Markov Chain Monte Carlo (MCMC) è un metodo computazionale basato sulla simulazione impiegato in un'ampia varietà di settori come la fisica, la biologia e l'ingegneria civile, ecc. Il metodo si basa sul campionamento casuale delle possibili risposte a un dato problema fino a quando non si trova una soluzione vicina abbastanza per ottenere la risposta desiderata.
L'MCMC è stato proposto per la prima volta da Andrei Andreevich Markov all'inizio del XX secolo come mezzo per modellare un processo stocastico. L'idea di base è costruire una catena di Markov composta da un gran numero di possibili stati e usarla per esplorare lo spazio di probabilità del problema. Ad ogni stato viene assegnata una certa probabilità e campionando casualmente i possibili stati si ottiene una soluzione.
MCMC è un metodo popolare in statistica ed è stato ampiamente utilizzato nell’analisi bayesiana dalla metà degli anni ’50. L'idea di base di MCMC è quella di estrarre campioni dalla distribuzione a posteriori dei parametri di interesse per fare inferenze. Questo viene fatto costruendo una catena di Markov con una distribuzione stazionaria che si avvicina alla distribuzione a posteriori. I campioni ottenuti dalla catena possono essere utilizzati per stimare i parametri e fare inferenze sul processo sottostante.
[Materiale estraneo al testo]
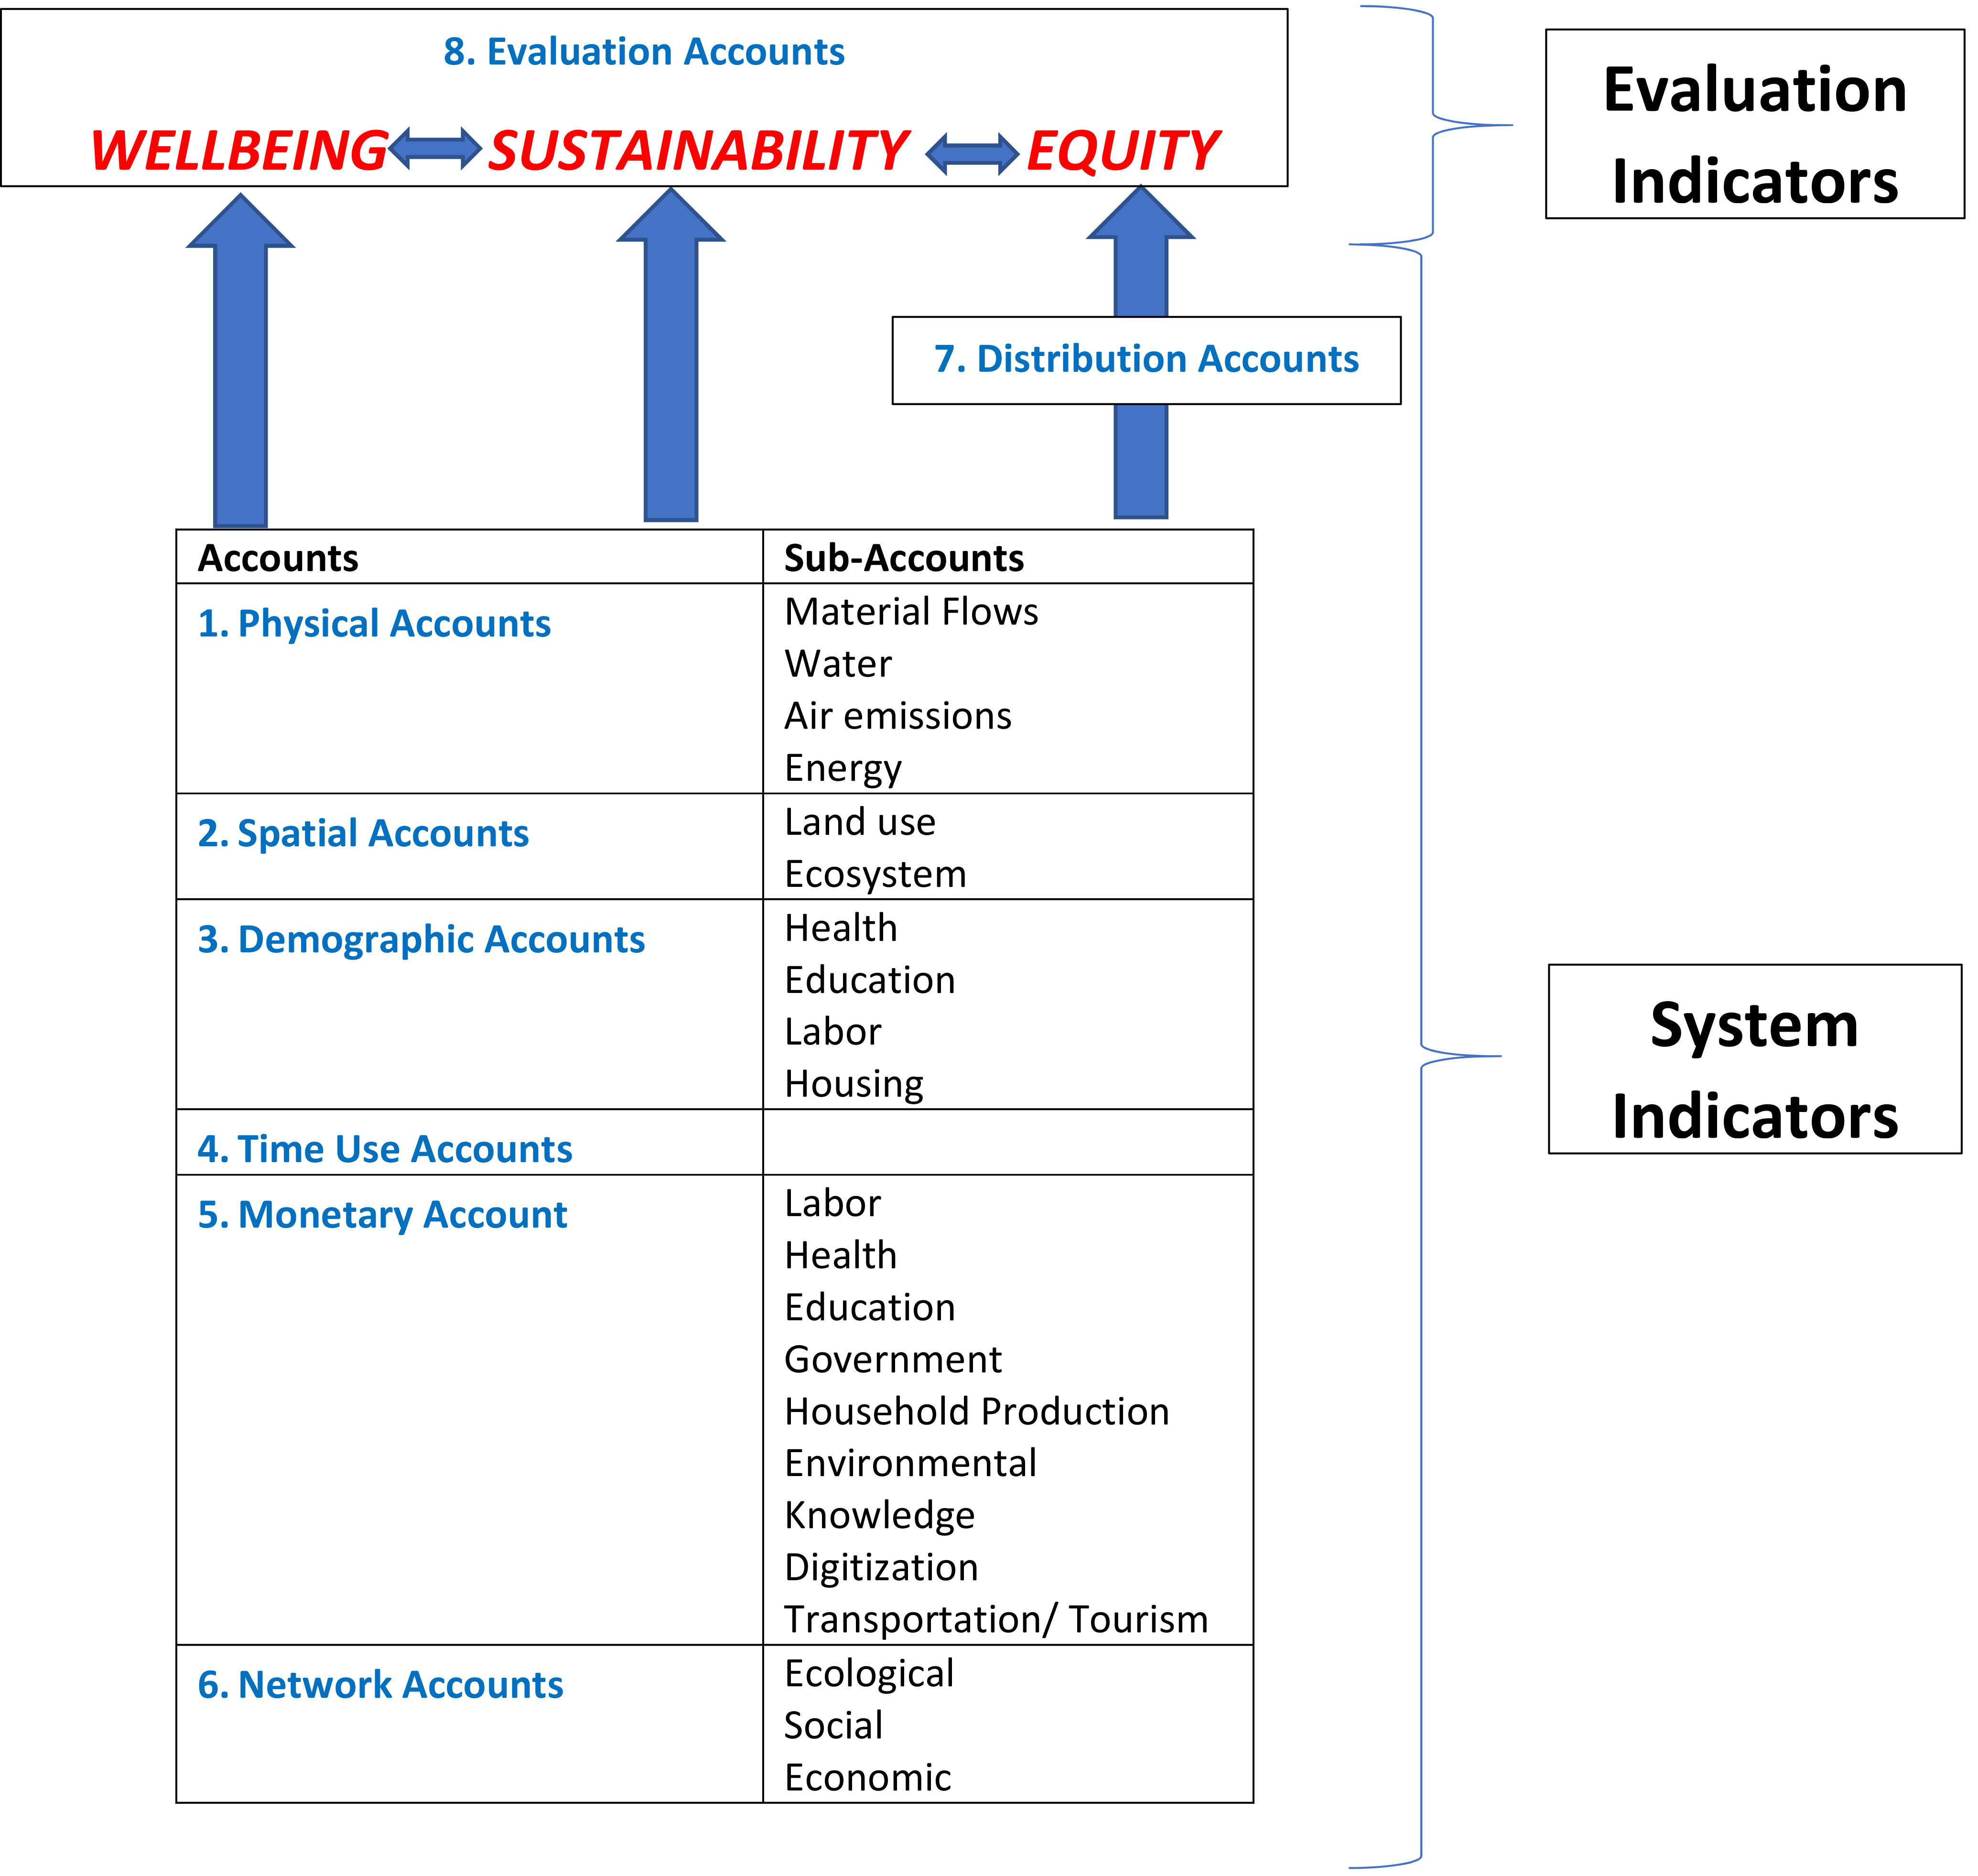 WiSE accounting framework and indicators.

Oltre ad essere una tecnica potente in statistica, l'MCMC è stata applicata anche all'informatica. È stato utilizzato per l'ottimizzazione bayesiana, che è il processo di ottimizzazione di un insieme di parametri minimizzando il valore atteso di una funzione obiettivo. MCMC è stato utilizzato anche nell'intelligenza artificiale e nell'apprendimento automatico, dove è stato utilizzato per approssimare probabilità intrattabili.
Nel complesso, Markov Chain Monte Carlo (MCMC) è un potente metodo basato sulla simulazione che viene utilizzato in un'ampia varietà di aree per ottenere soluzioni approssimate a problemi complessi. È una tecnica popolare in statistica e, più recentemente, anche in informatica. Il metodo è particolarmente utile per approssimare probabilità intrattabili e può essere utilizzato per l'ottimizzazione bayesiana e altre attività di apprendimento automatico.